REVEALING DISEASE PROGRESSION: The "Waterfall" in the foreground shows paths from one stage of a disease to the next, learnt by HyperTraPS using data from a high number of patients. Each dot of the illustration represents different stages of disease, for example a specific set of symptoms or a given set of mutations. The thickness of the lines indicate the probability of moving from one specific stage of disease to the next.

Photo:
Iain Johnston/UiB

HyperTraPS has also been used in analysing the clinical data from nearly 3000 Gambian children suffering from malaria. Based on relatively simple data on symptoms, estimating the development of the disease presisely was made possible.

The malaria disease kills nearly 400.000 African children each year, and the World Health Organisation's guidelines on diagnosing and treating it are at the time quite general, making them less efficient in discovering individual disease progressions. 

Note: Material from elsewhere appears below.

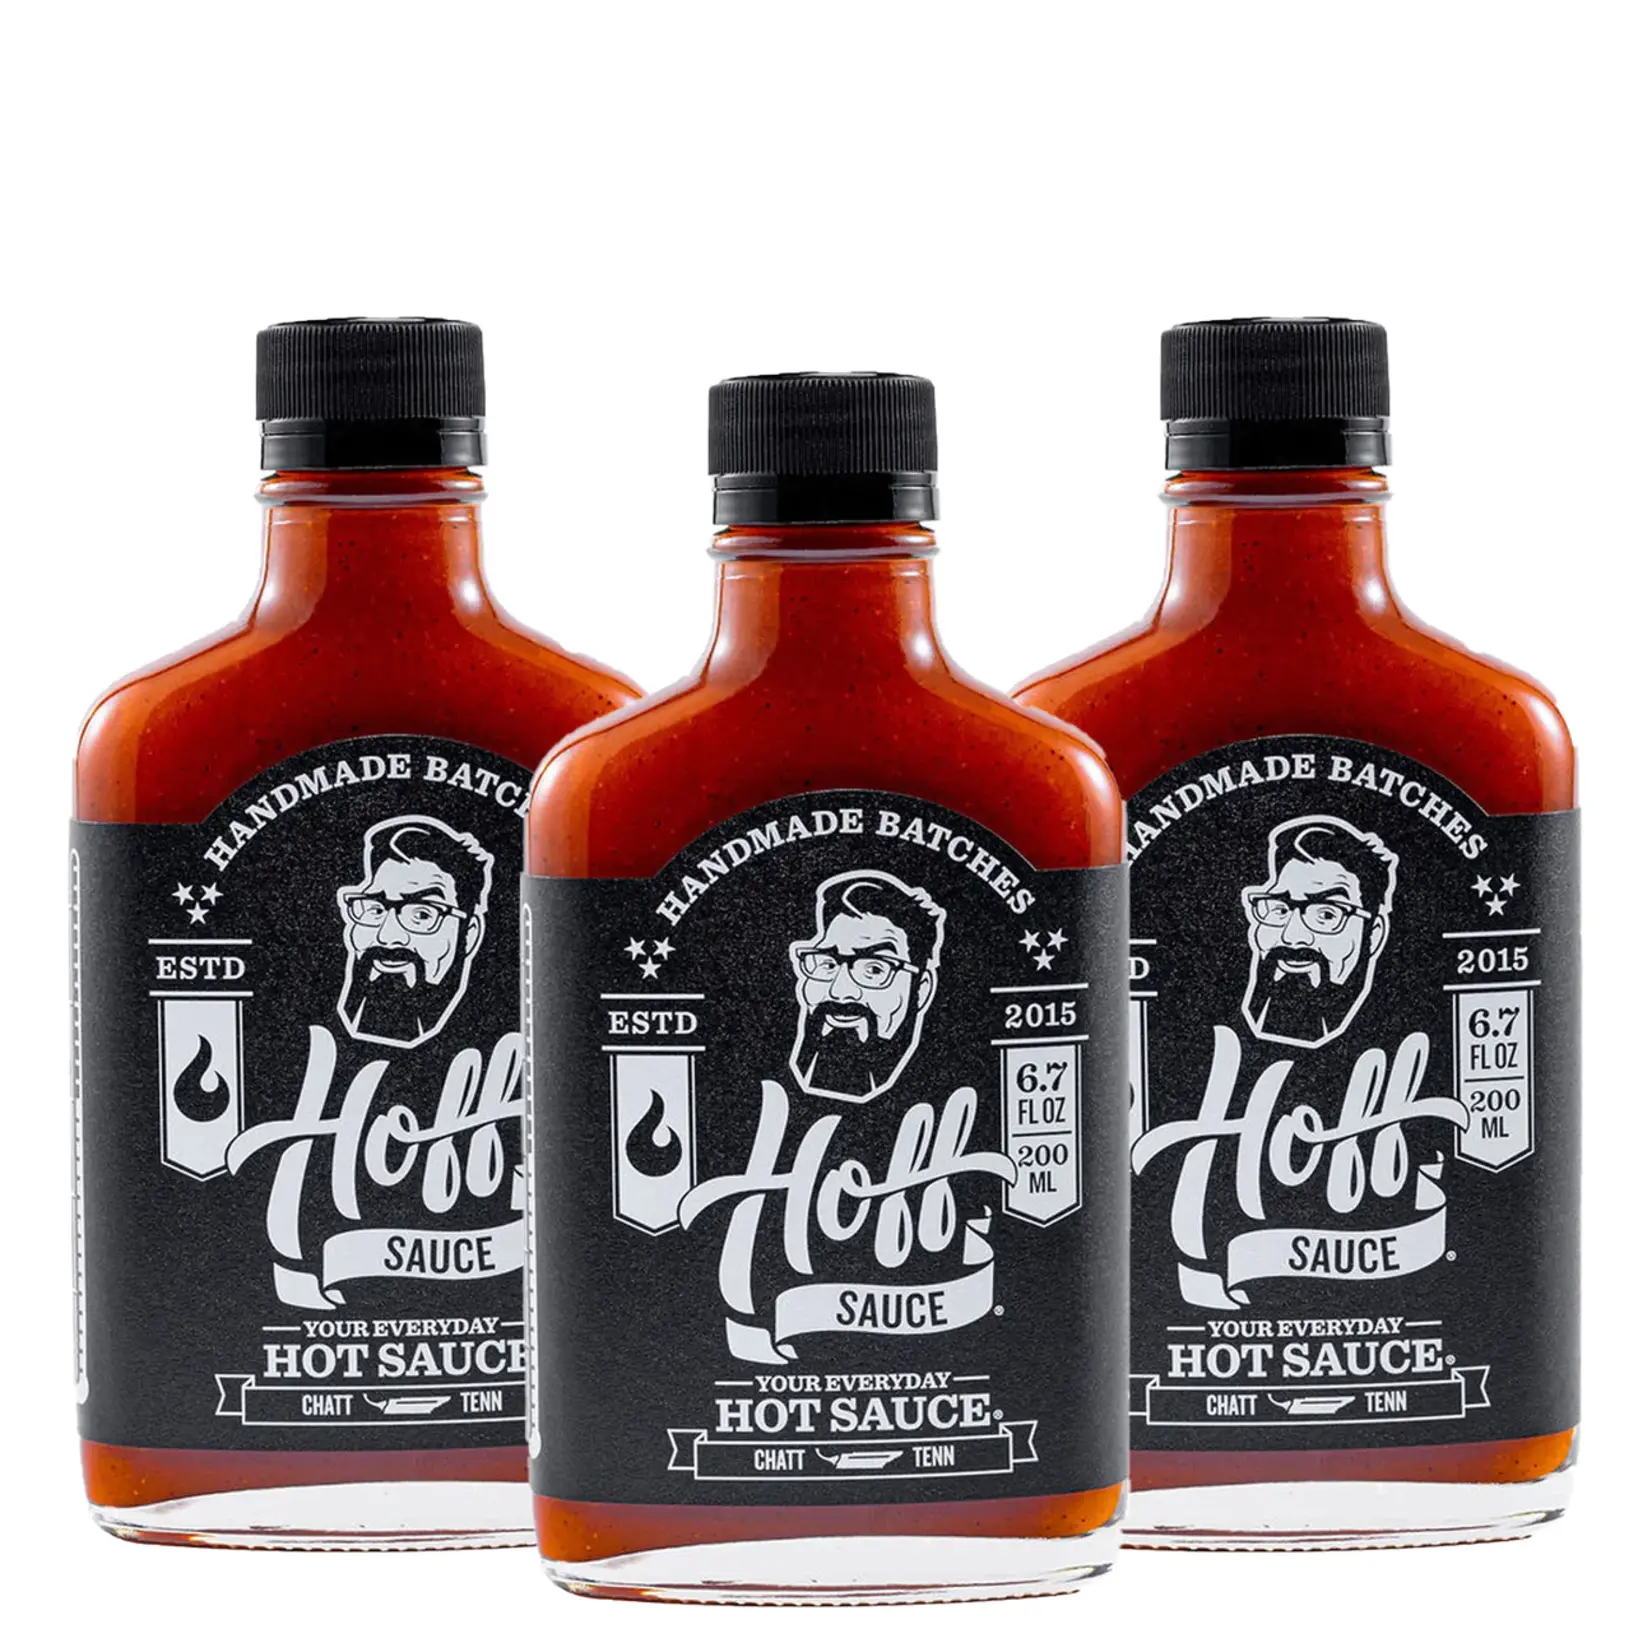 Hoff's Sauce Original Hot Sauce

"Based om the study we performed in Gambia, one has now developed a mpre detailed and efficient method of diagnosing and treating malaria. An early identification of hard hit patients is now easier, and scarce resources can be used where they are needed the most," Johnston says. 

Uncovering the origin of drug resistance 

The biggest strength og HyperTraPS is its wide utility, according to the researchers. In practice, it may be used in mapping any type of process concerning changes over time. 

"One example is studying how the organsisms responsible for diseases develop. We have seen how tuberculosis bacteria develop a resistance to drugs, which of course is a major problem for health services," Johnston tells. 

Based on samples from 1000 Russian tuberculosis patients, the reseachers have mapped which mutations the bacteria have made as well as the order of the mutations. They found that the bacteria to a lesser degree followed "set runs" in their mutations, making many roads to resistance possible. This is obviously one of the reasons why the problem of resistance is so chellenging to solve. 

"The more data we can access, the better we will understand the connections between the different mutations. This can mean a lot for treatment, in the long-run. We might discover that a bacteria that first became resistant to drug A, B and C, in most likelyhood will become resistant to drug D as well. In case, we can choose to give the patient drug K or L instead," the researcher says. 

In early 2019, Johnston received the prestigious Starting Grant of 16,8 million Norwegian kroner (ca 1 654 550 Eur) from the European Research Council. The grant will go to further research into applying HyperTraPS in medicinal and biological reseach.